● **WHAT THE TASK ASKS**:
Set down the data below in full and exactly, minus the pictures.

● **THE DATA**:
_ _ _

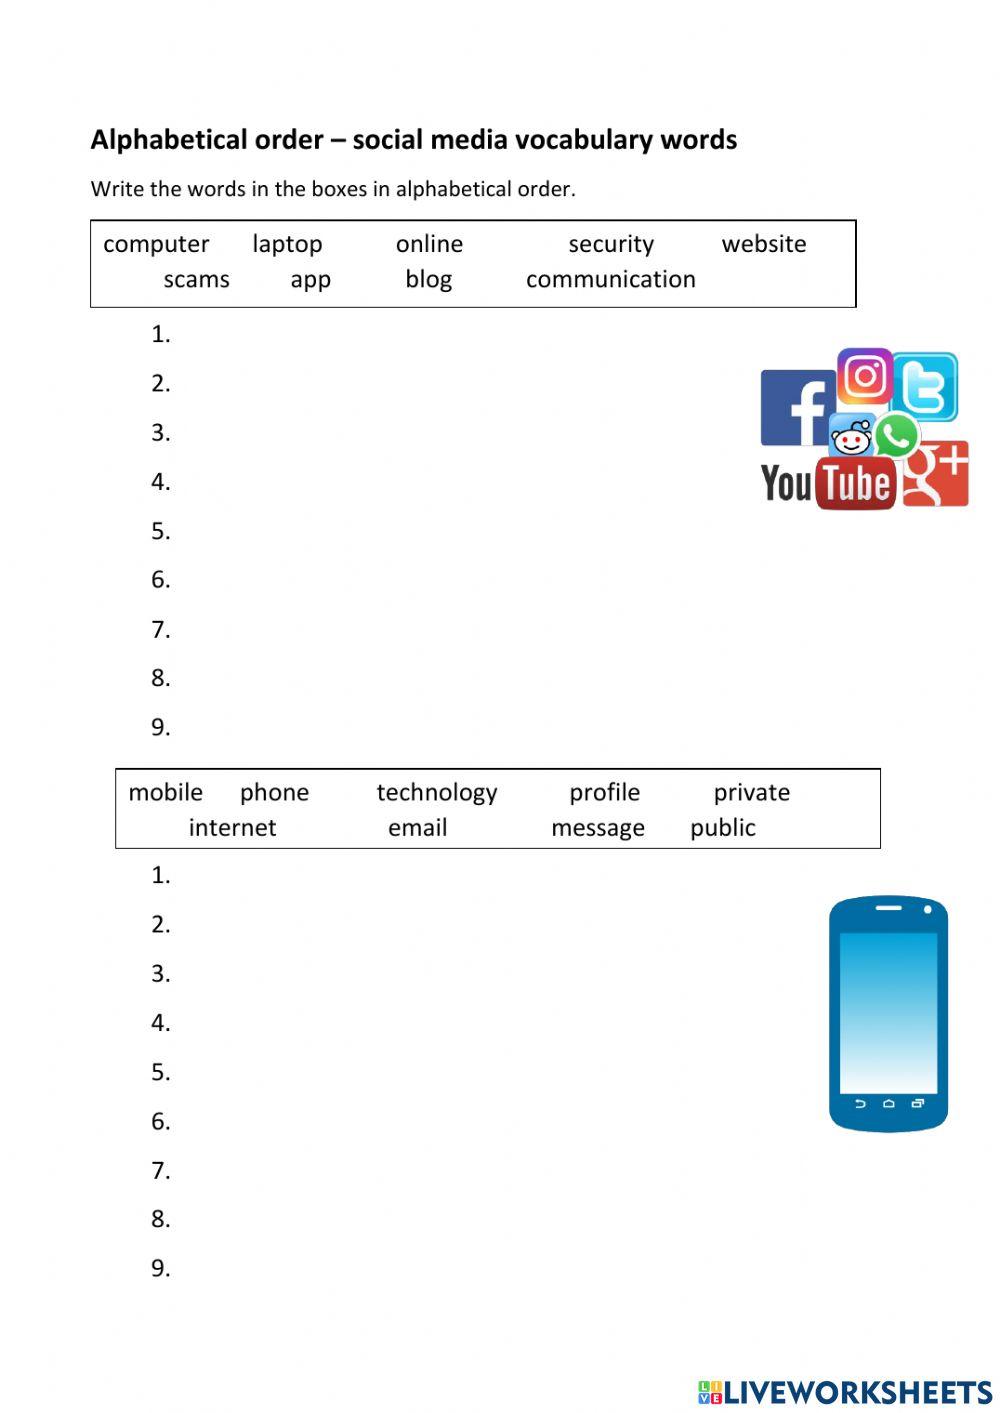 Alphabetical order - Social media words
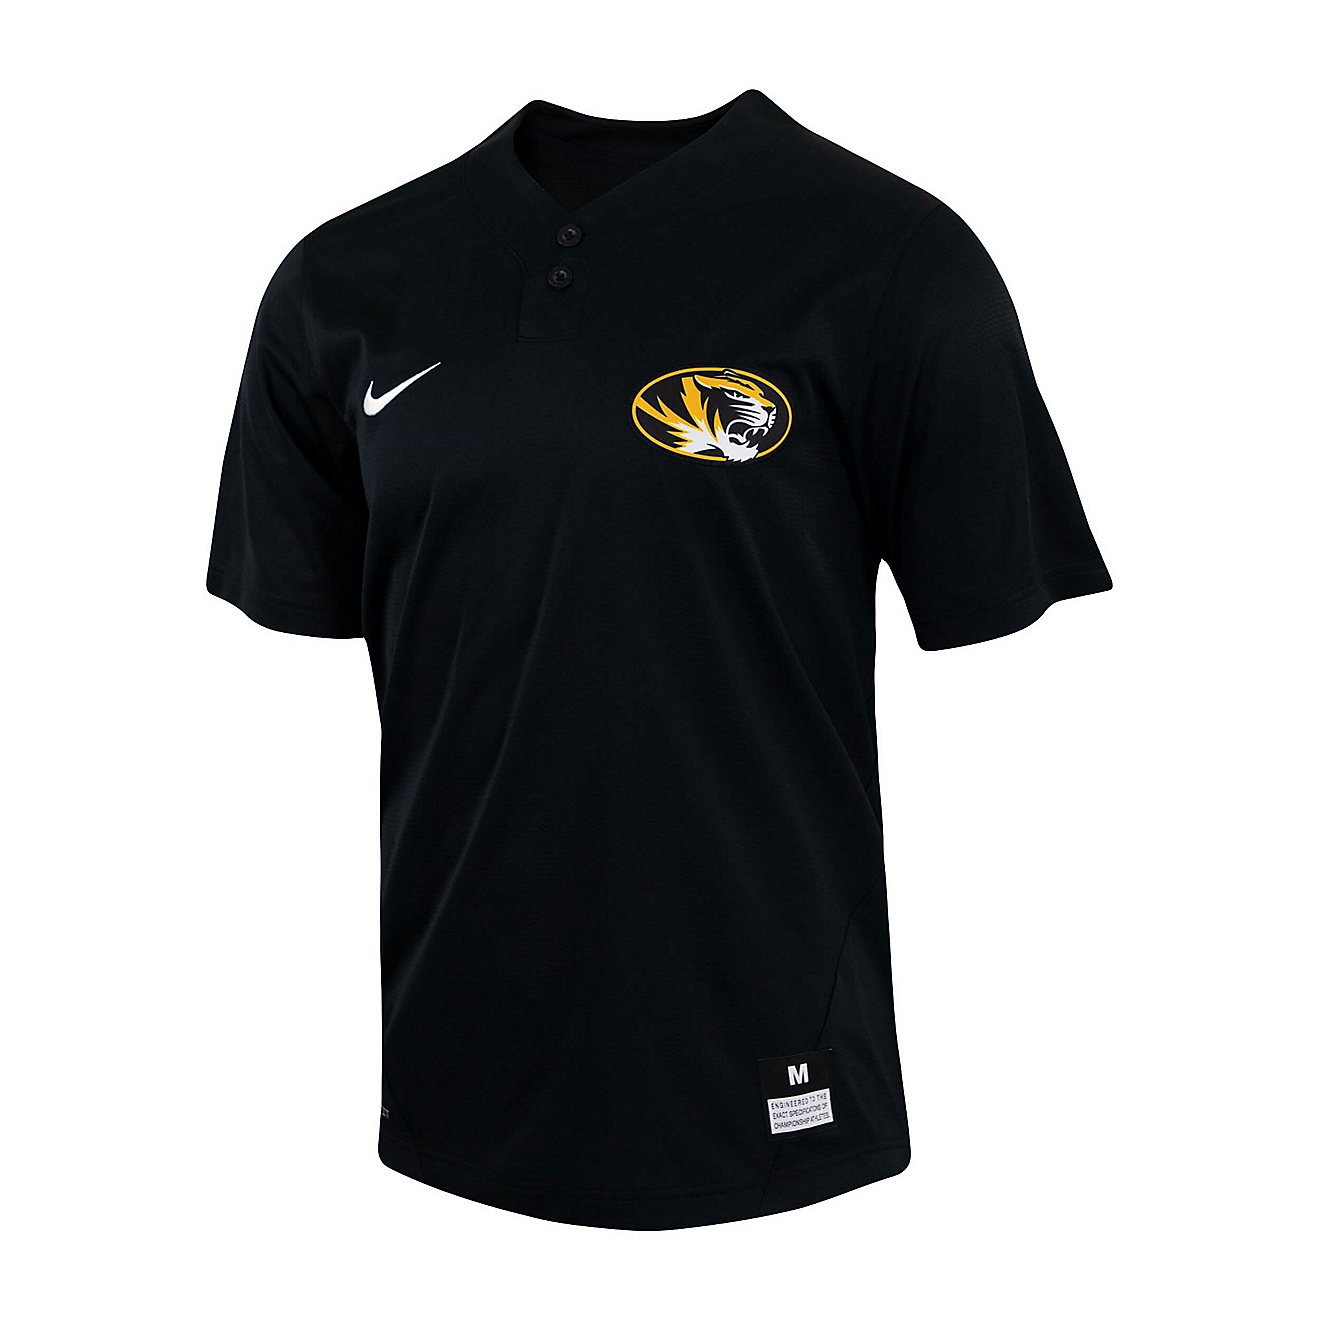 Nike Missouri Tigers Two-Button Replica Baseball Jersey | Academy
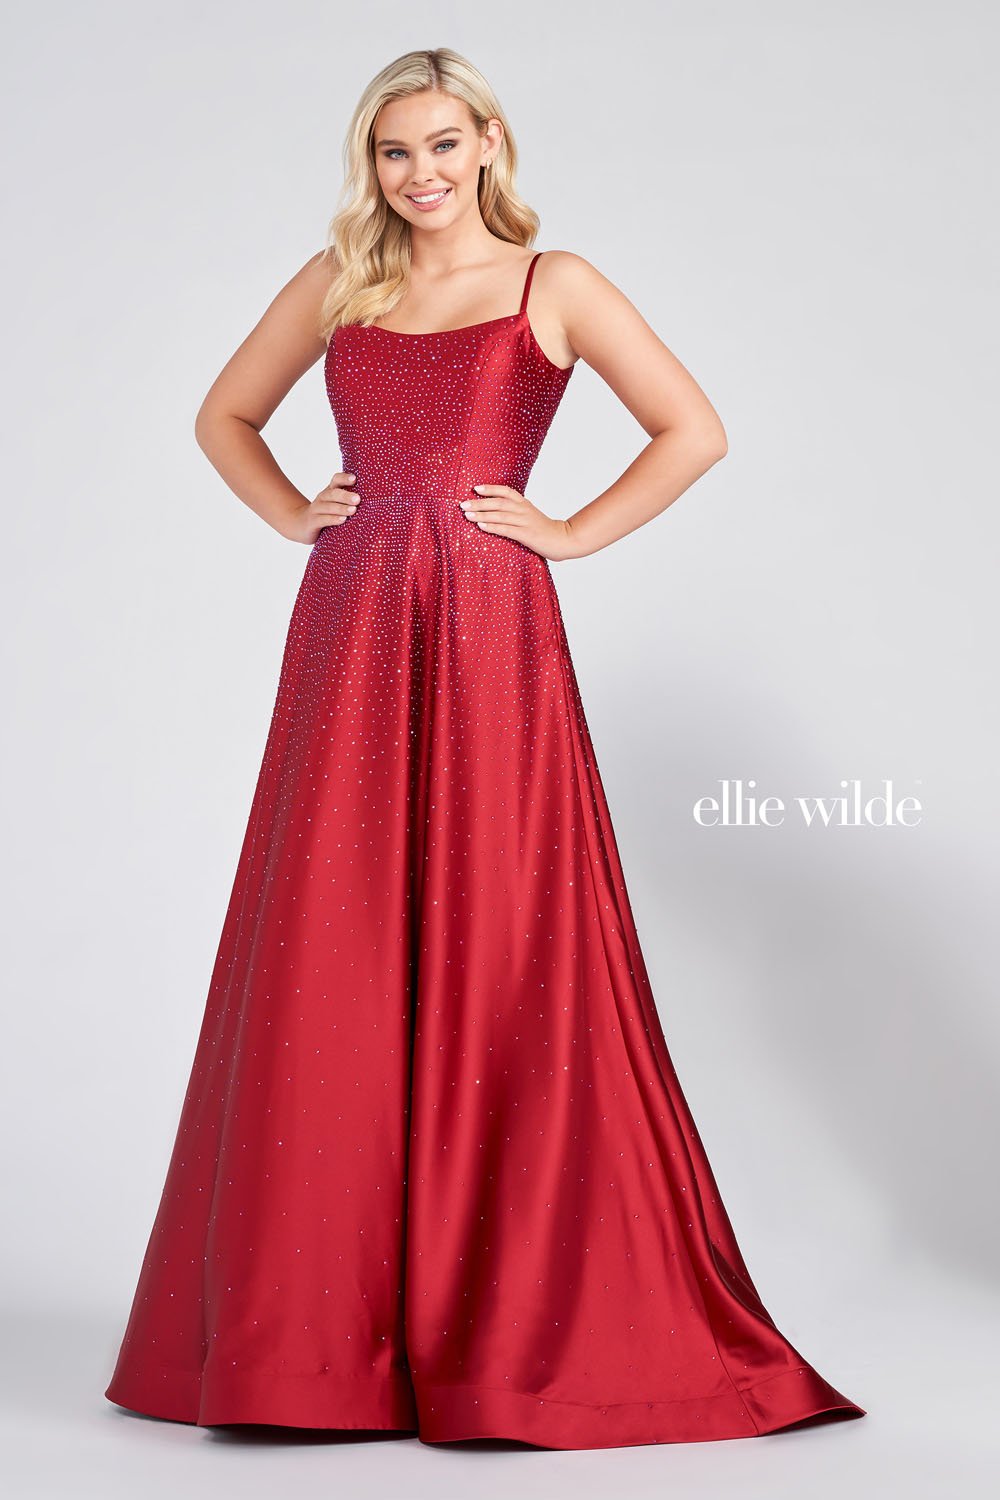 Ellie Wilde Ruby EW122119 Prom Dress Image.  Ruby formal dress.

_ _ _

● **EXERCISE SOLUTION**:
 Alphabetical order - Social media words
 Nike Missouri Tigers Two-Button Replica Baseball Jersey | Academy
 Ellie Wilde Ruby EW122119 Prom Dress Image.  Ruby formal dress.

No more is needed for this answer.